A key figure in the federal investigation into widespread campaign irregularities in Washington has twice faced misdemeanor criminal charges over election-law complaints in Maryland, records show.
Ralph B. Bazilio, a partner at a prominent Washington accounting firm raided last month by federal agents, was accused of failing to file campaign finance disclosures in 2006 for a political action committee called BizPAC, according to records on file with the District Court for Anne Arundel County.
The case was dropped after the committee paid thousands of dollars in fines and filed up-to-date campaign disclosures. It has since shut down.
The Office of the Maryland State Prosecutor filed an earlier campaign finance case against Mr. Bazilio, but the file was not available for inspection Thursday.
Since the March raid, Mr. Bazilio’s name largely has been overshadowed by that of his longtime accounting partner, Jeffrey E. Thompson, who founded Thompson Cobb Bazilio & Associates and who separately owns D.C. Chartered Health Plan, the city’s biggest Medicaid contractor.
While authorities are looking into Mr. Thompson’s political fundraising activities, Mr. Bazilio is a prodigious political donor in his own right. Like Mr. Thompson, he, too, was named in the federal subpoena sent to several D.C. lawmakers seeking records about political fundraising activities.
Mr. Bazilio, his wife and the accounting firm that bears his name have donated more than $45,000 over the years to politicians in Maryland, where Thompson Cobb Bazilio & Associates has won county and state auditing contracts. He also served on the transition team for Prince George’s County Executive Rushern L. Baker III.
According to court records, Mr. Bazilio’s most recent legal problems in Maryland began in late 2006 when the Maryland State Prosecutor’s Office charged him with failure to file 2006 campaign finance forms for BizPAC. Mr. Bazilio served as its treasurer.
A criminal summons issued in the case noted that an officer tried to serve the complaint on Mr. Bazilio but was unable to reach him. Court records list a Washington phone number that is the same as the one for Mr. Bazilio’s office in Washington, but phone and email messages left Thursday were not returned.
However, he told the Washington Informer newspaper this month that the federal investigation had nothing to do with the accounting firm’s clients.
The criminal charges against Mr. Bazilio were dropped after the political action committee paid nearly $4,000 in late fees and filed timely reports before shutting down in 2007.
Jared DeMarnis, director of the candidacy and campaign finance division for the Maryland State Board of Elections, said the board referred the case to prosecutors after BizPAC failed to file reports as required by state election law.
“The state prosecutor is our enforcement agency, and once they get the case they have complete carte blanche over its entire disposition at that point,” he said.
James Cabezas, chief investigator for the state prosecutor’s office, while not commenting on Mr.

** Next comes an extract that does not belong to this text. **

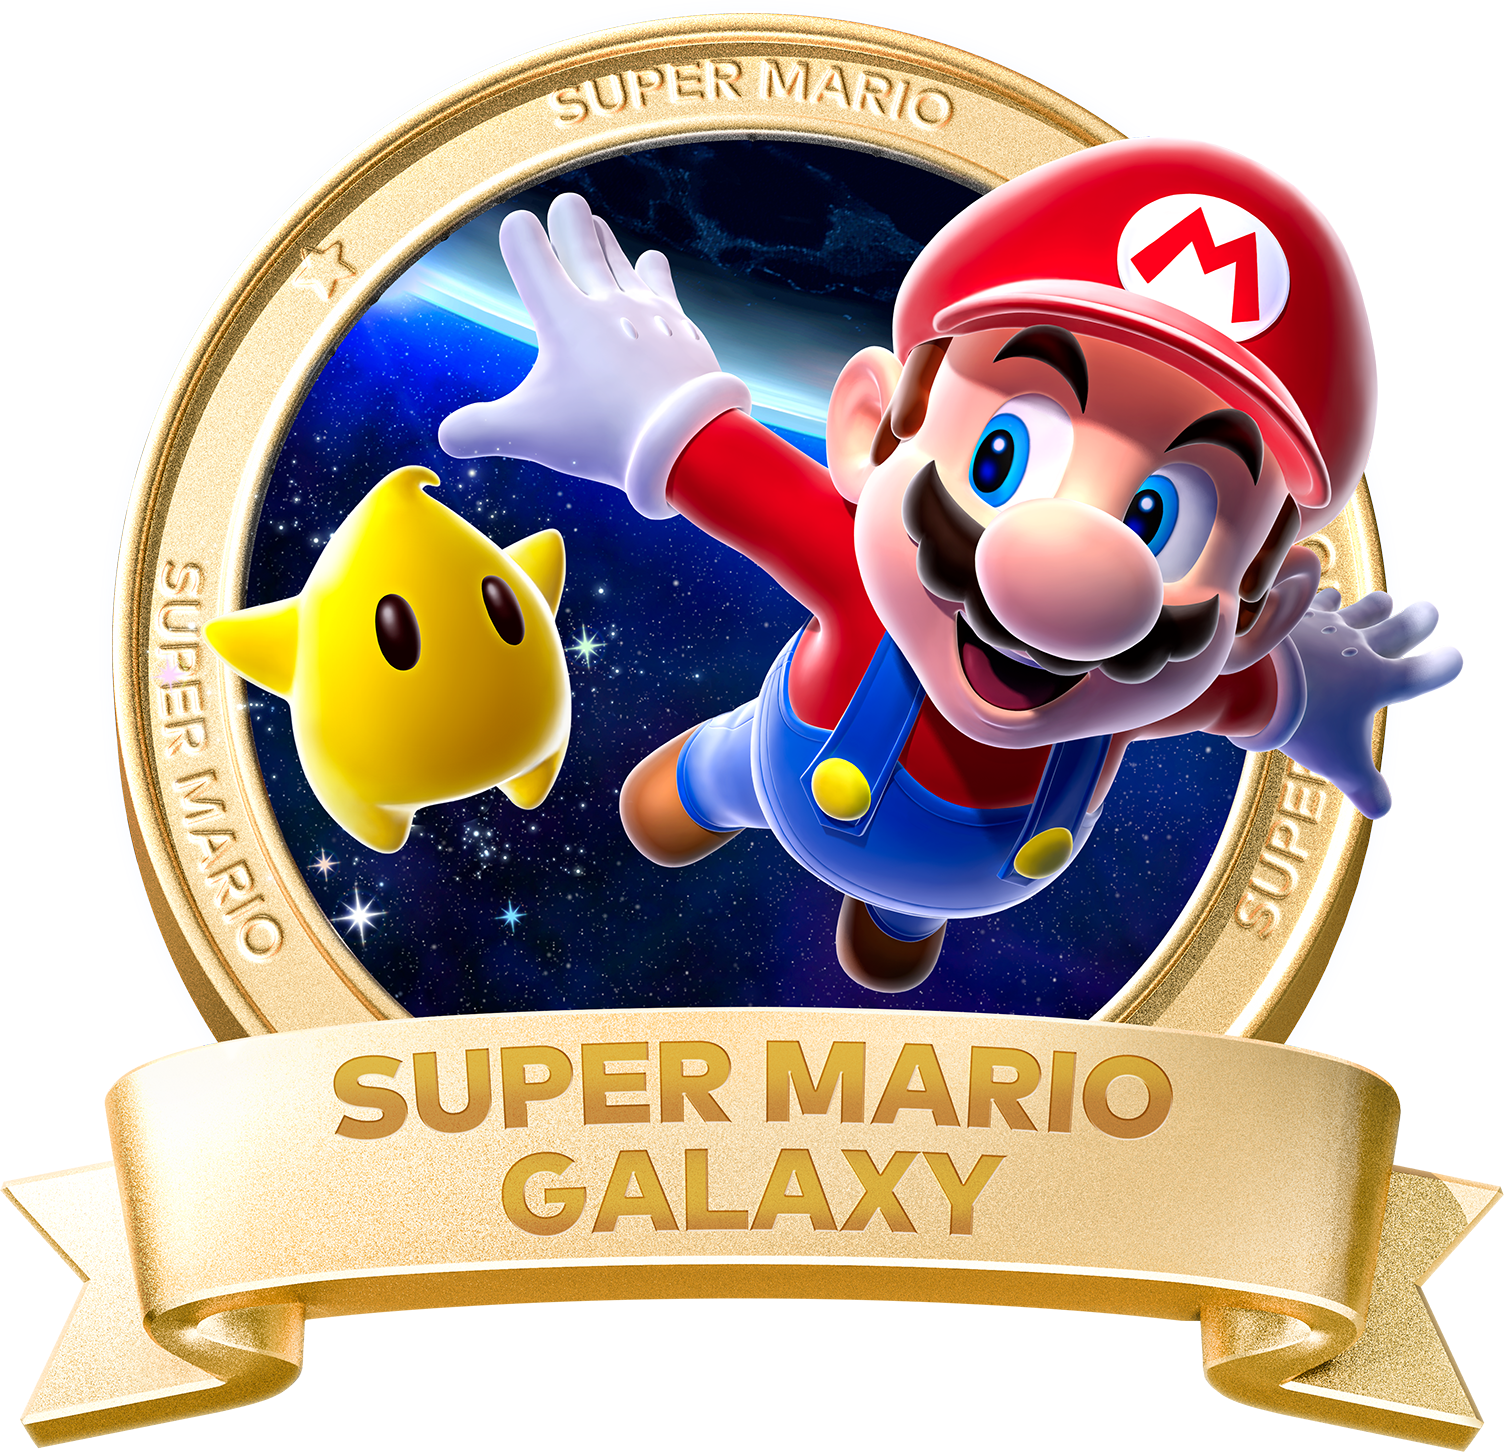 Super mario 3d stars. Игра Nintendo super Mario 3d all-Stars. Супер Марио галакси. Супер Марио Галактика 3. Super Mario Galaxy логотип.

Bazilio’s case specifically, said such cases typically are filed against the treasurer or person legally responsible for a campaign committee.
“If reports aren’t filed timely, the Maryland Board of Elections starts sending out notices saying you have to file,” he said. “If they still don’t meet the requirements, the case gets referred to us, and we try to get them to file. If they’re still unresponsive, then we file criminal charges.”
At that point, Mr. Cabezas said, most campaign officials file the reports and pay fines and the case is dropped, which is what appears to have happened in Mr. Bazilio’s case, according to court records.
But according to online records from an earlier case, it wasn’t the first time Mr. Bazilio found himself in legal trouble over campaign finance issues.
The State Prosecutor’s Office filed another failure-to-file campaign finance report case against Mr. Bazilio in 2005, and the outcome appears the same. Court records in that case list an address for Mr. Bazilio in Washington, while the more-recent case lists an address in Bowie.
It’s unclear whether the earlier case stemmed from Mr. Bazilio’s role as treasurer of BizPAC, which despite the years of regulatory problems seems to have done little fundraising or donating to politicians. Both cases ended when prosecutors filed a “nolle prosequi” motion, which means they decided not to proceed.